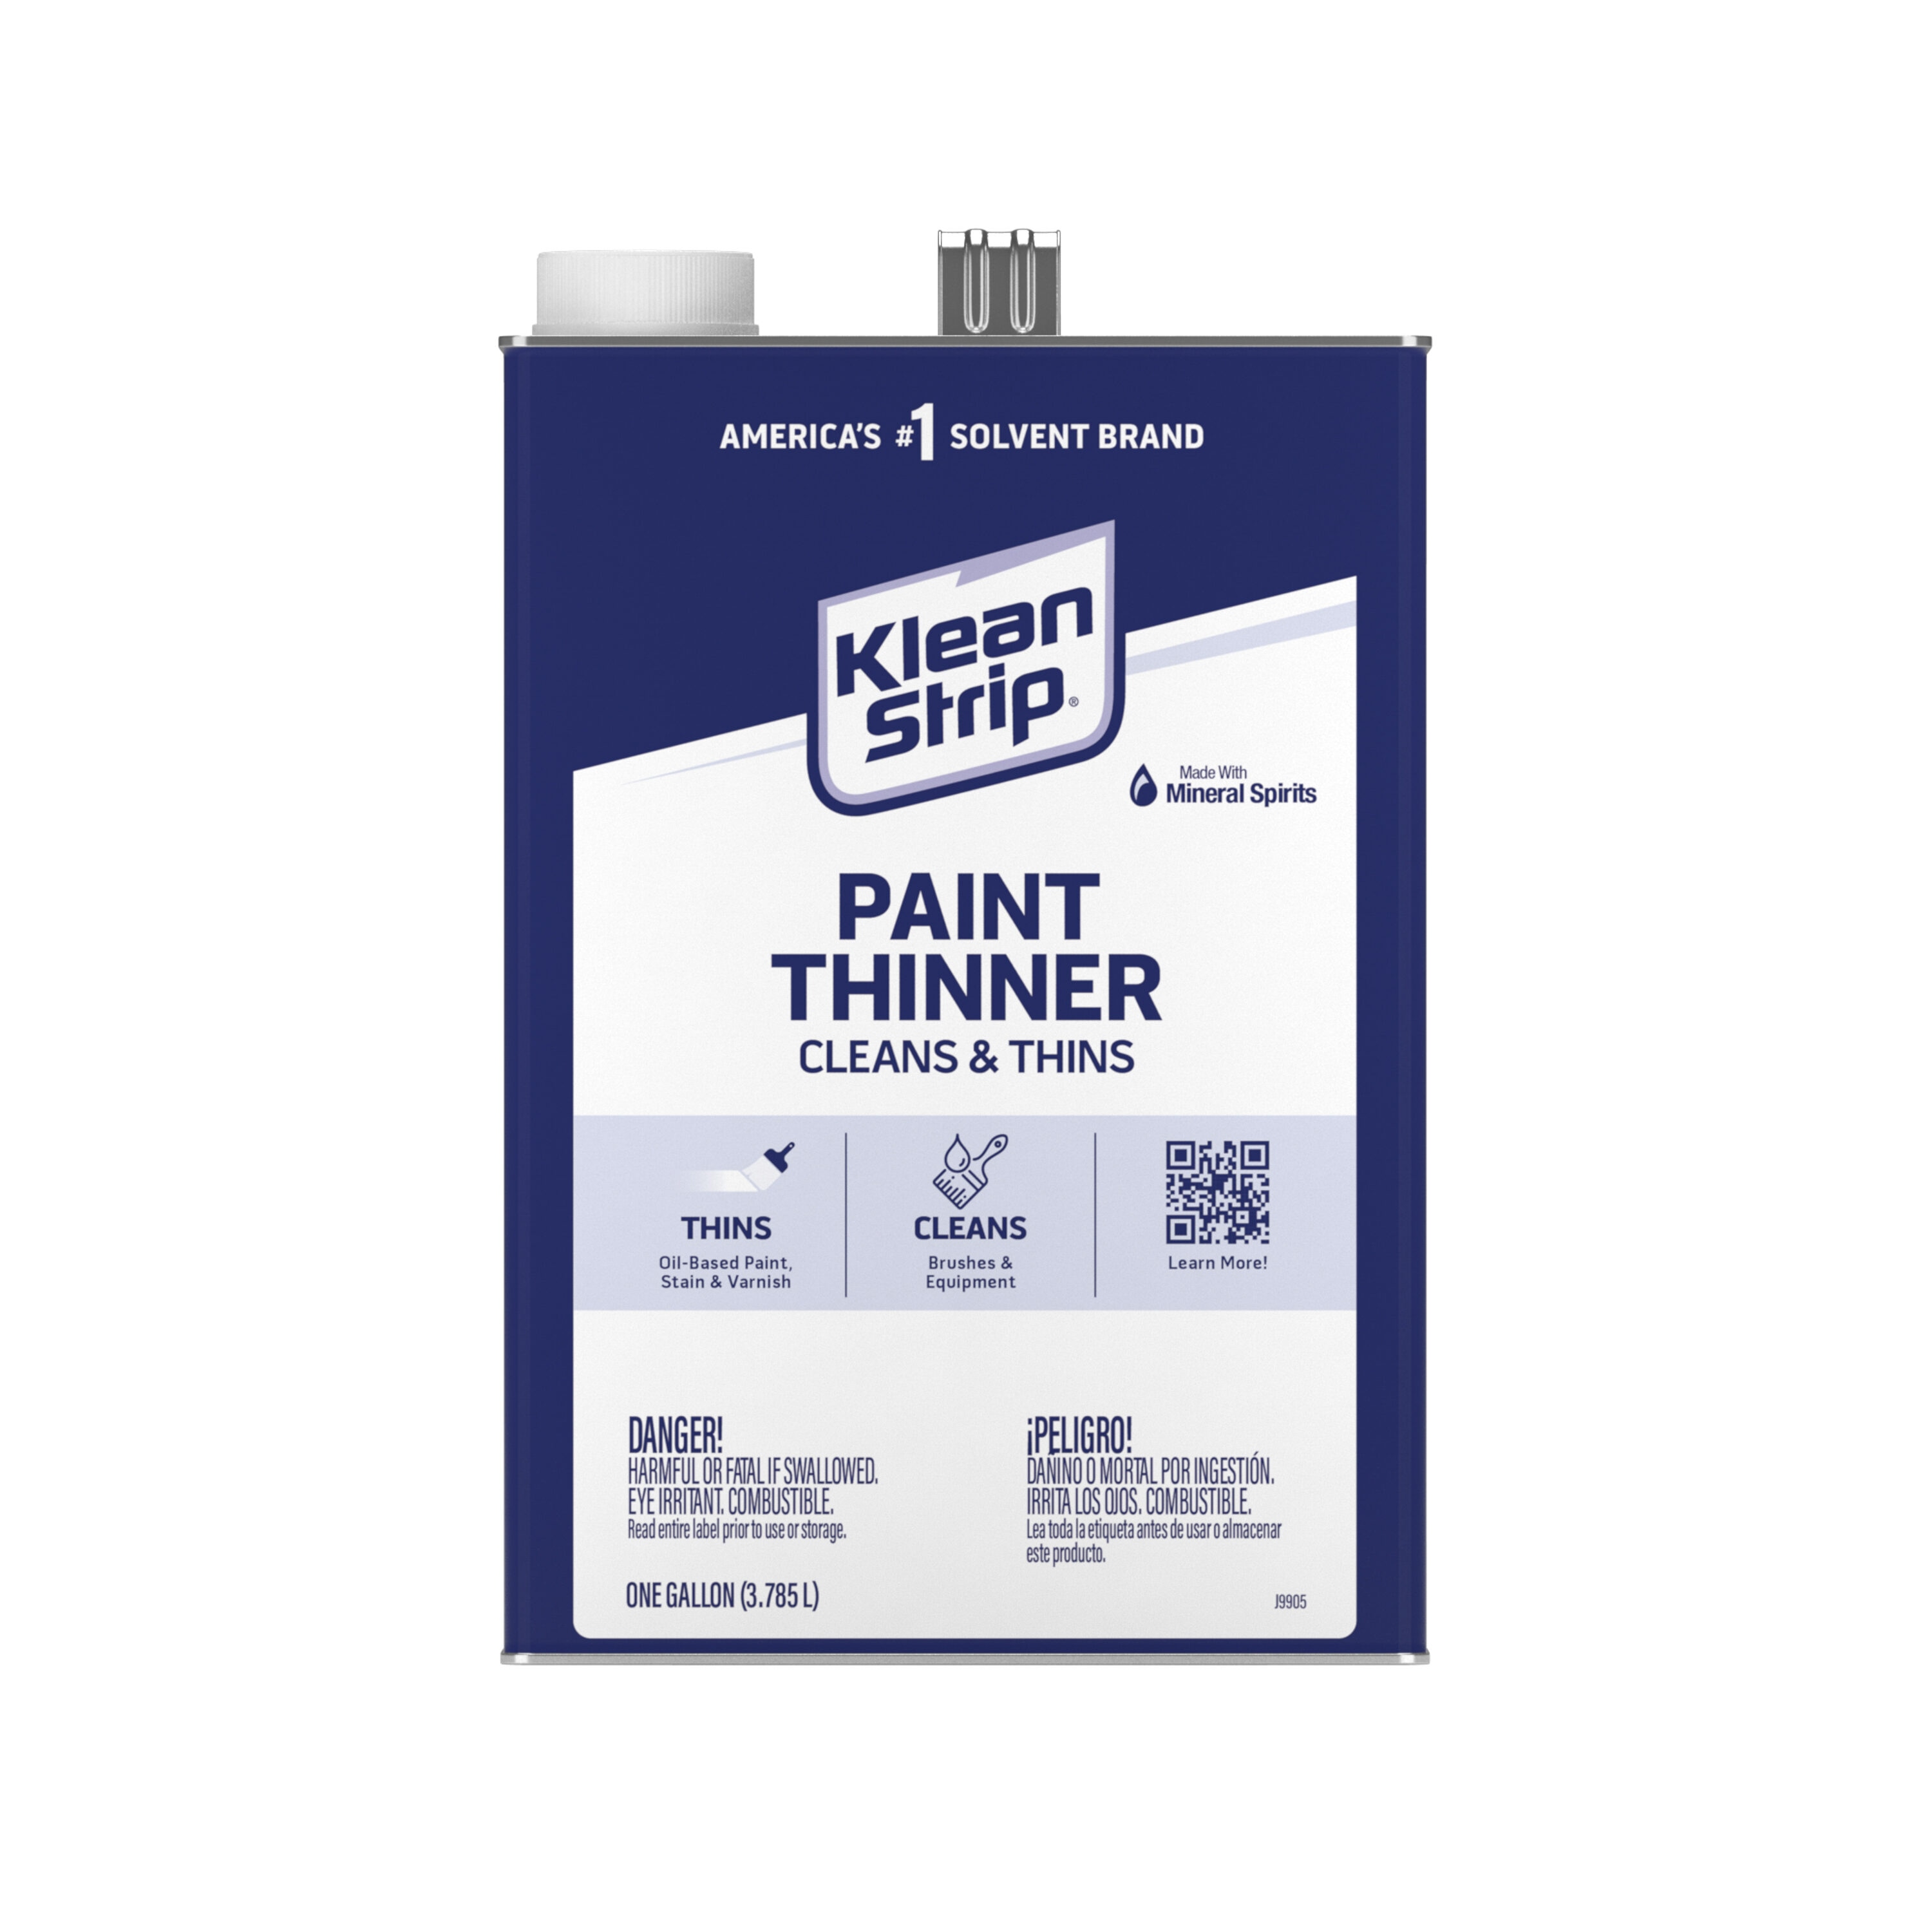 Klean Strip Paint Thinner - 128 fl oz
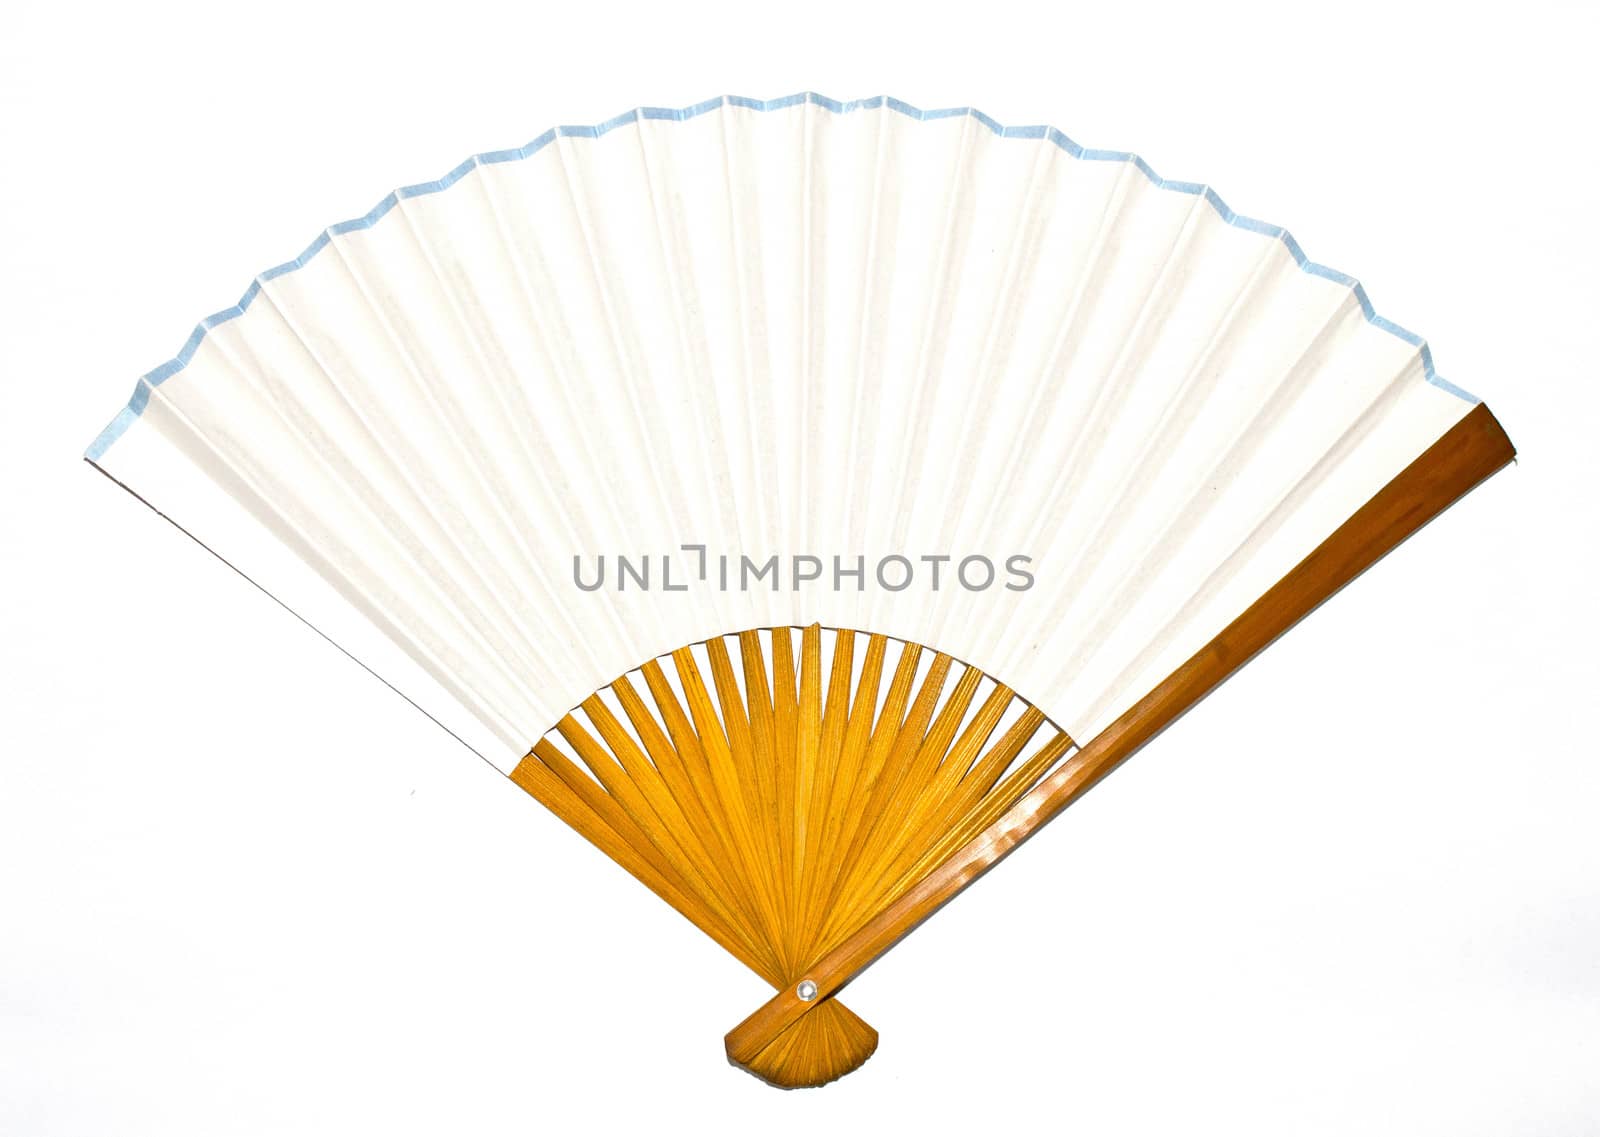 A Vintage Antique Hand Fan Ladies Accessory
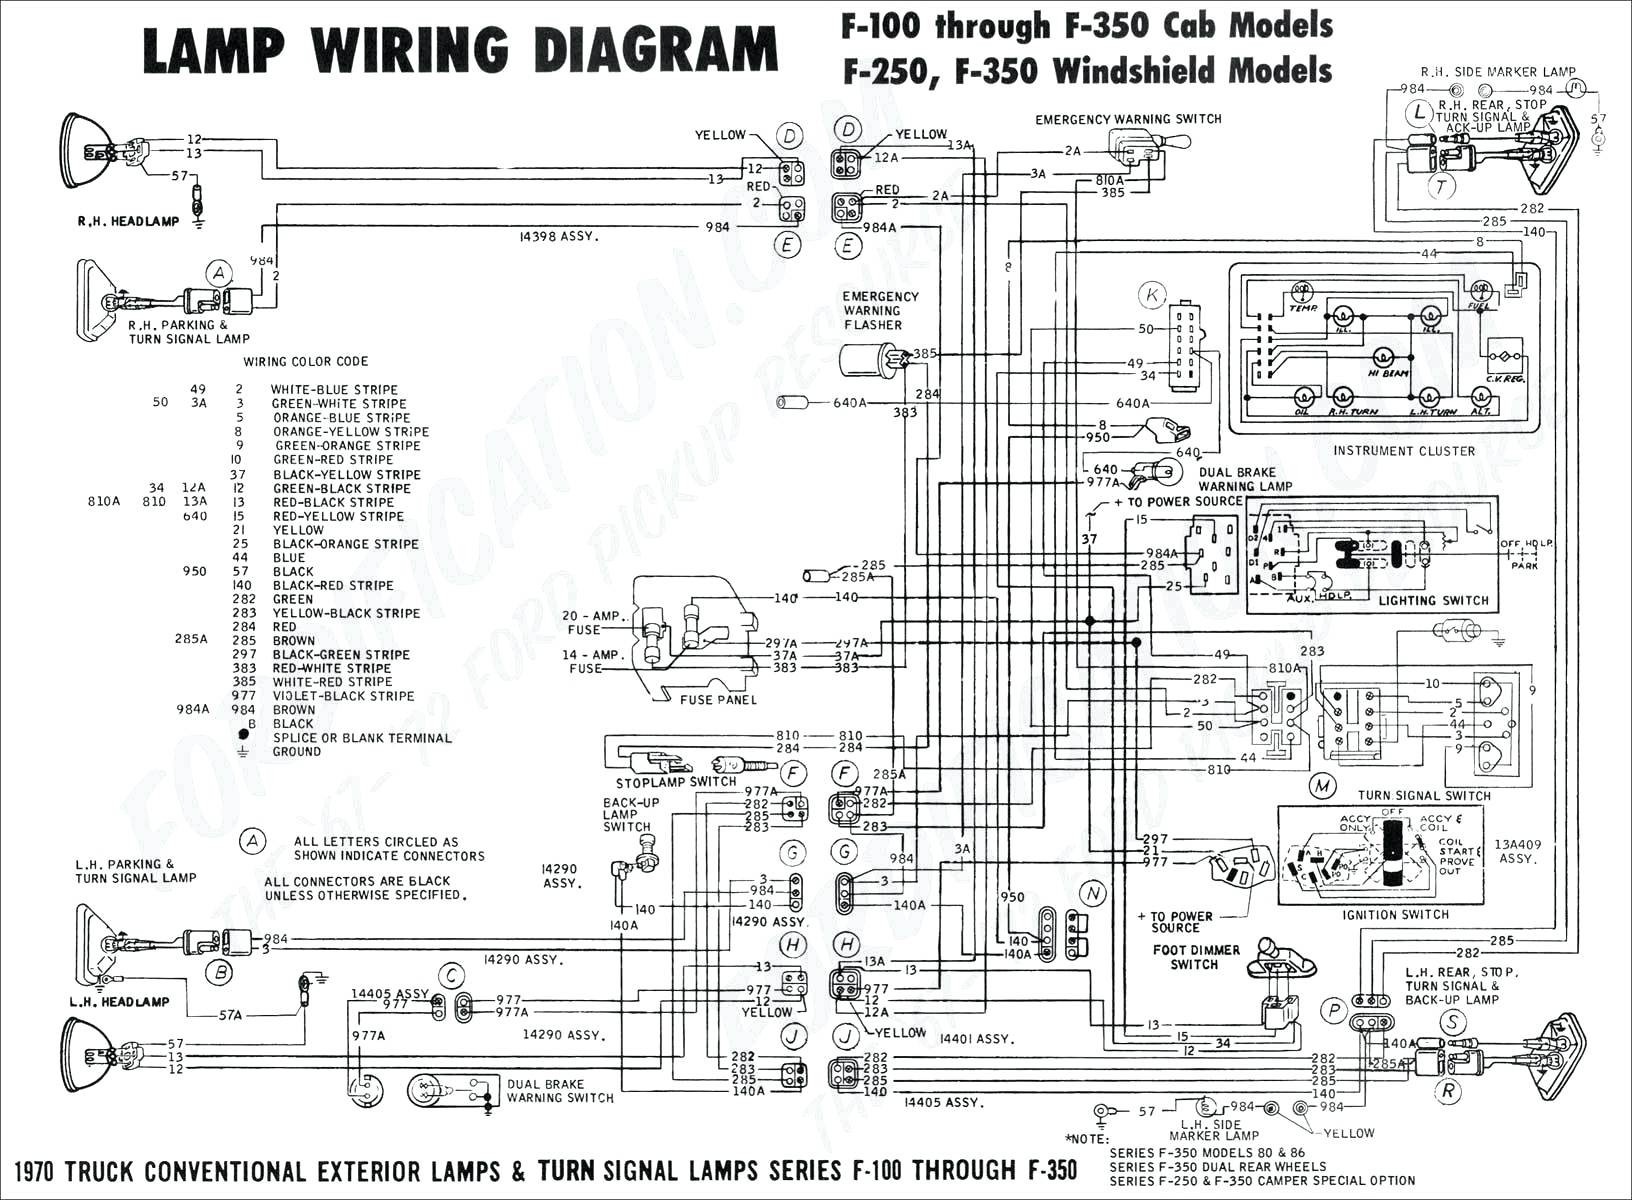 2001 Chevy Malibu Engine Diagram Wiring Diagram 2008 Tahoe Experts Wiring Diagram • Of 2001 Chevy Malibu Engine Diagram

▬▬▬▬▬▬

## The problem
Could you return the whole listing exactly, with every picture removed?

## Solution for this exercise
 Klean Strip Paint Thinner - 128 fl oz
 A Vintage Antique Hand Fan Ladies Accessory
 2001 Chevy Malibu Engine Diagram Wiring Diagram 2008 Tahoe Experts Wiring Diagram • Of 2001 Chevy Malibu Engine Diagram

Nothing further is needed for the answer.